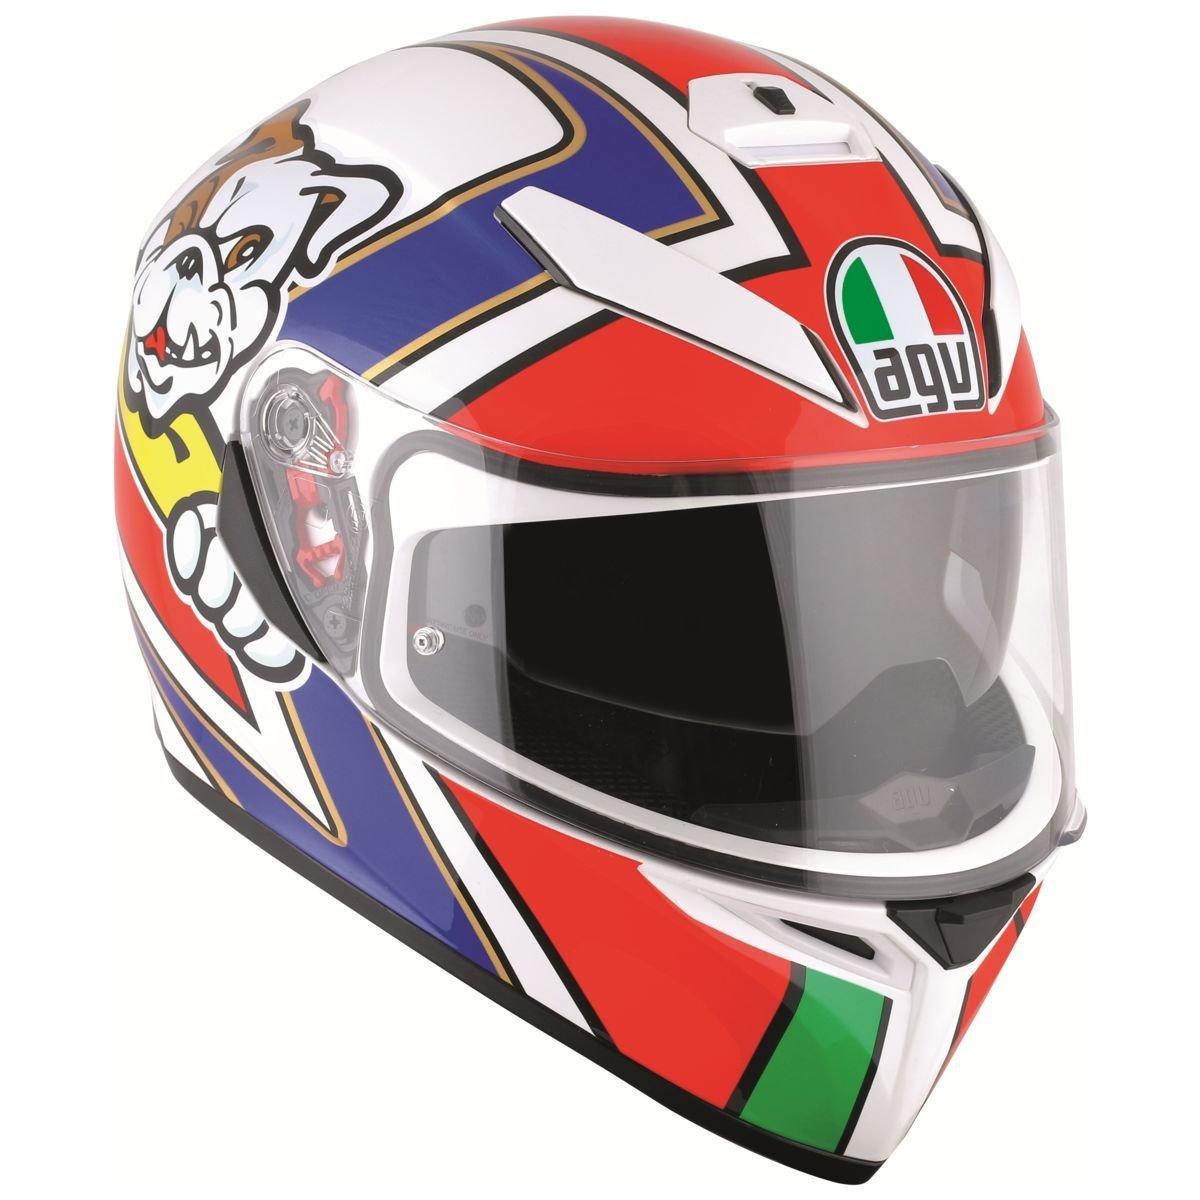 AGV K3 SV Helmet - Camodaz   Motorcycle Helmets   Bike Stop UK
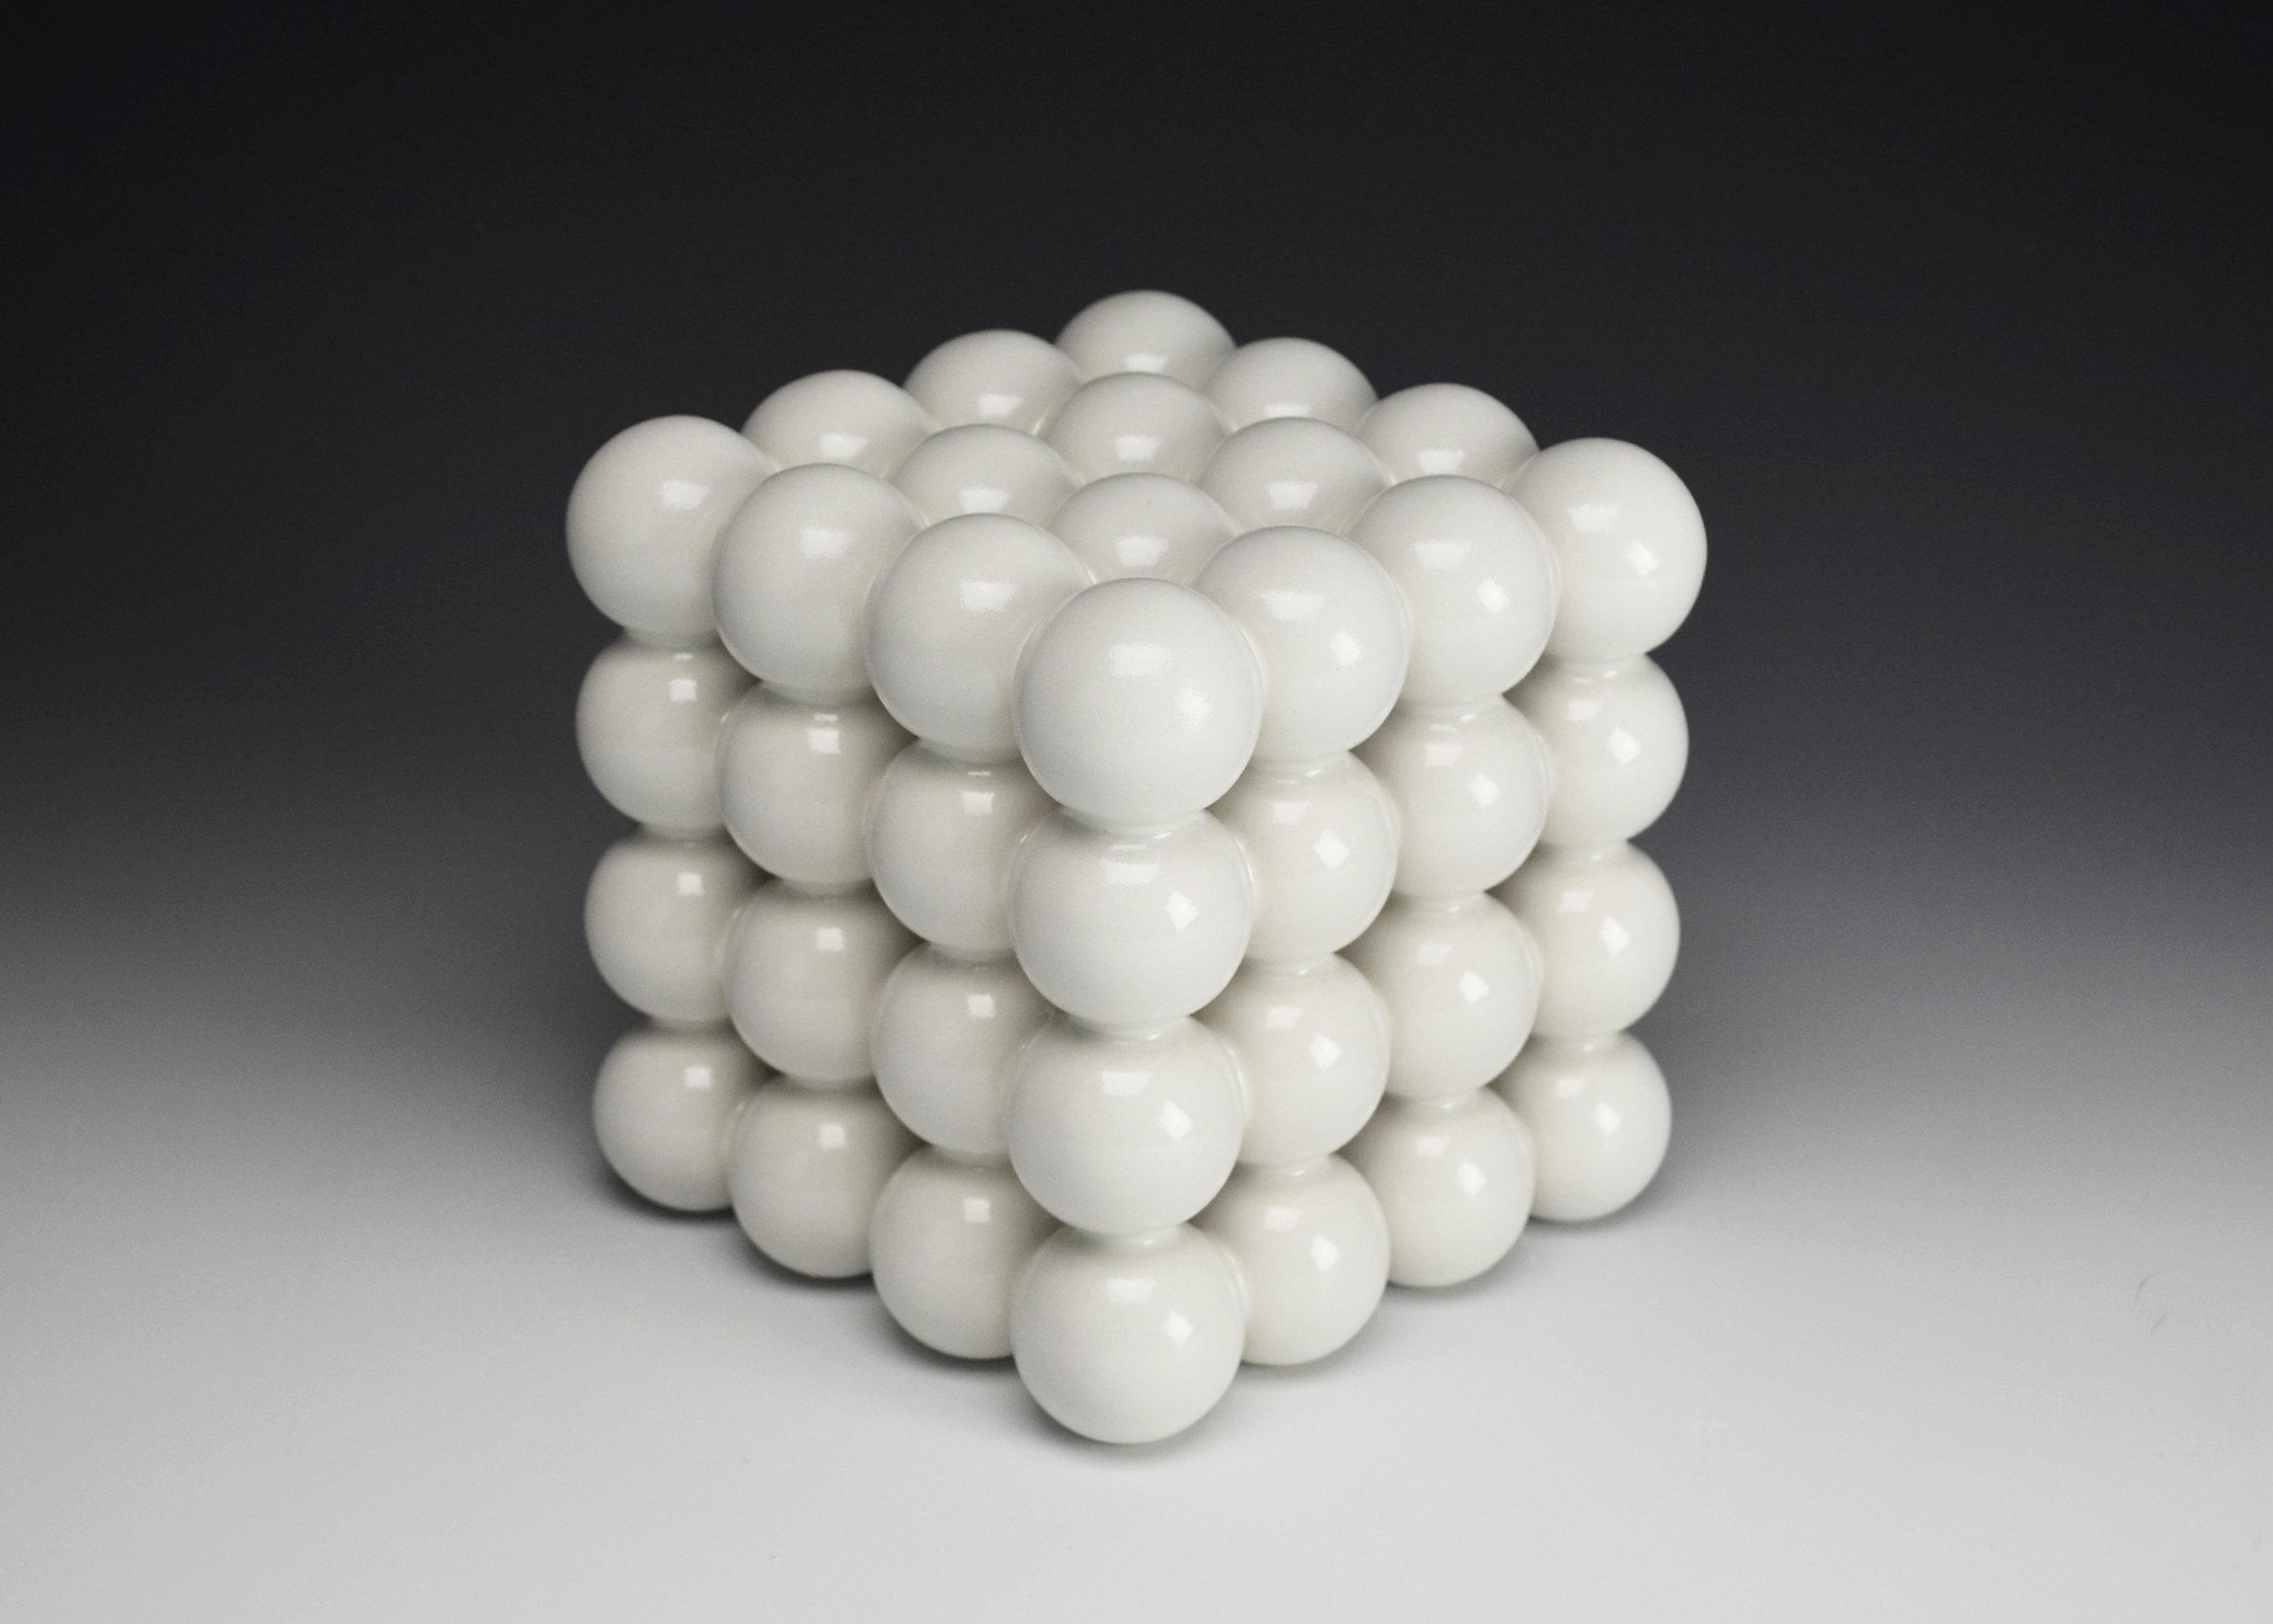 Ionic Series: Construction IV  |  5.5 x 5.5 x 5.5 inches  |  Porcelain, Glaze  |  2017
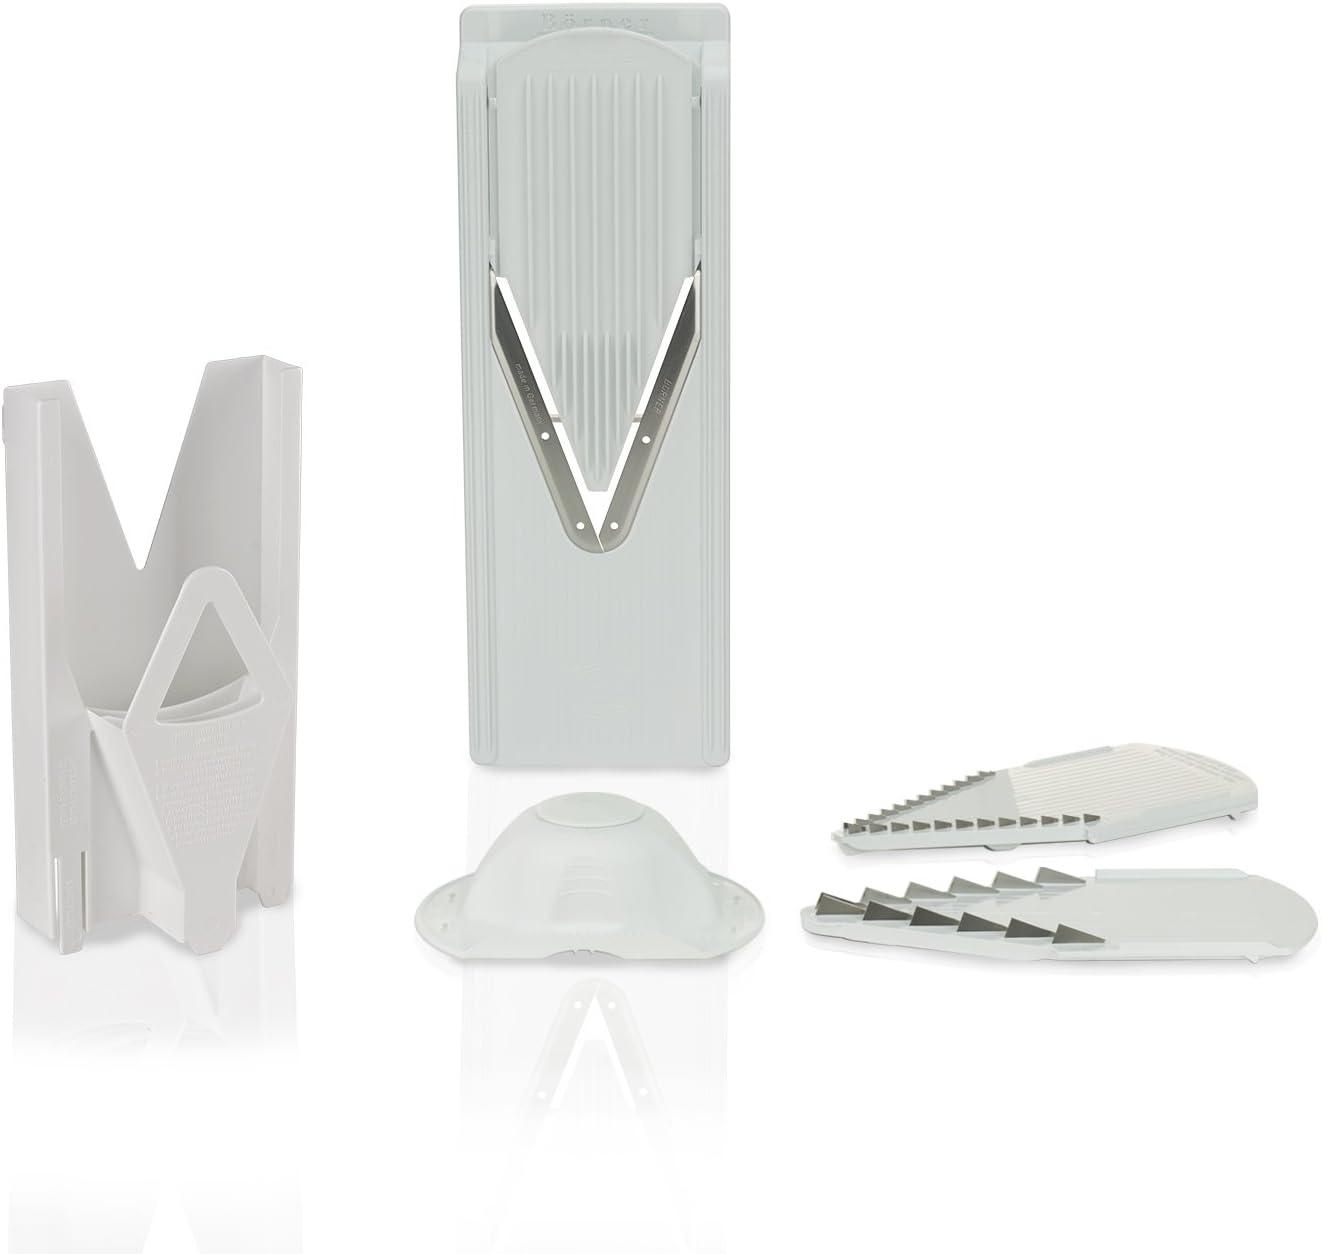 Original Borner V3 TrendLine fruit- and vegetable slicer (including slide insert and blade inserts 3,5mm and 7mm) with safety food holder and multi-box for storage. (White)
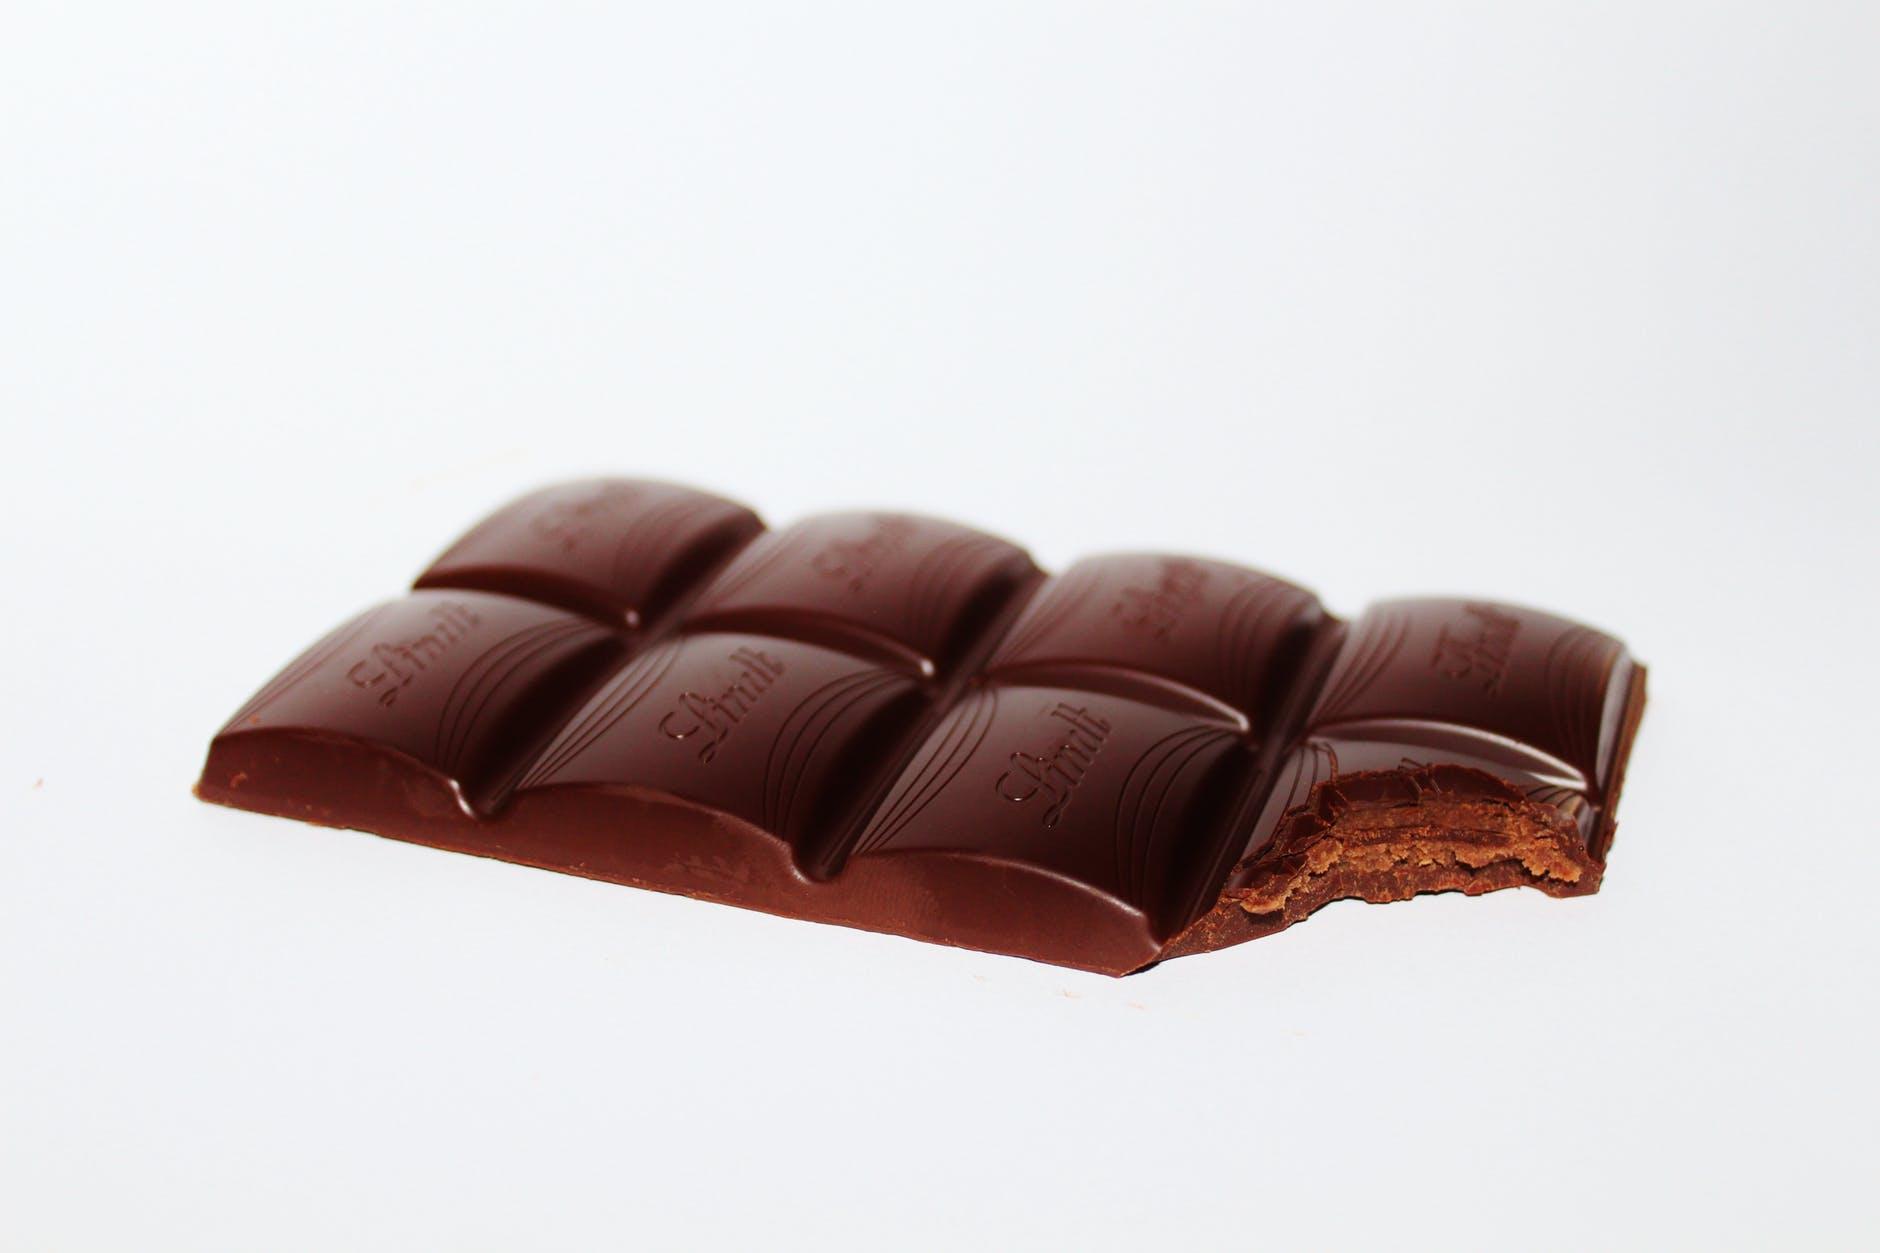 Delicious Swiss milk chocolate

════════

▶ [Exercise]:
Reproduce the whole listing verbatim. Pictures stay out of the copy.

▶ [Answer space]:
 AGV K3 SV Helmet - Camodaz   Motorcycle Helmets   Bike Stop UK
 Ionic Series: Construction IV  |  5.5 x 5.5 x 5.5 inches  |  Porcelain, Glaze  |  2017
 Original Borner V3 TrendLine fruit- and vegetable slicer (including slide insert and blade inserts 3,5mm and 7mm) with safety food holder and multi-box for storage. (White)
 Delicious Swiss milk chocolate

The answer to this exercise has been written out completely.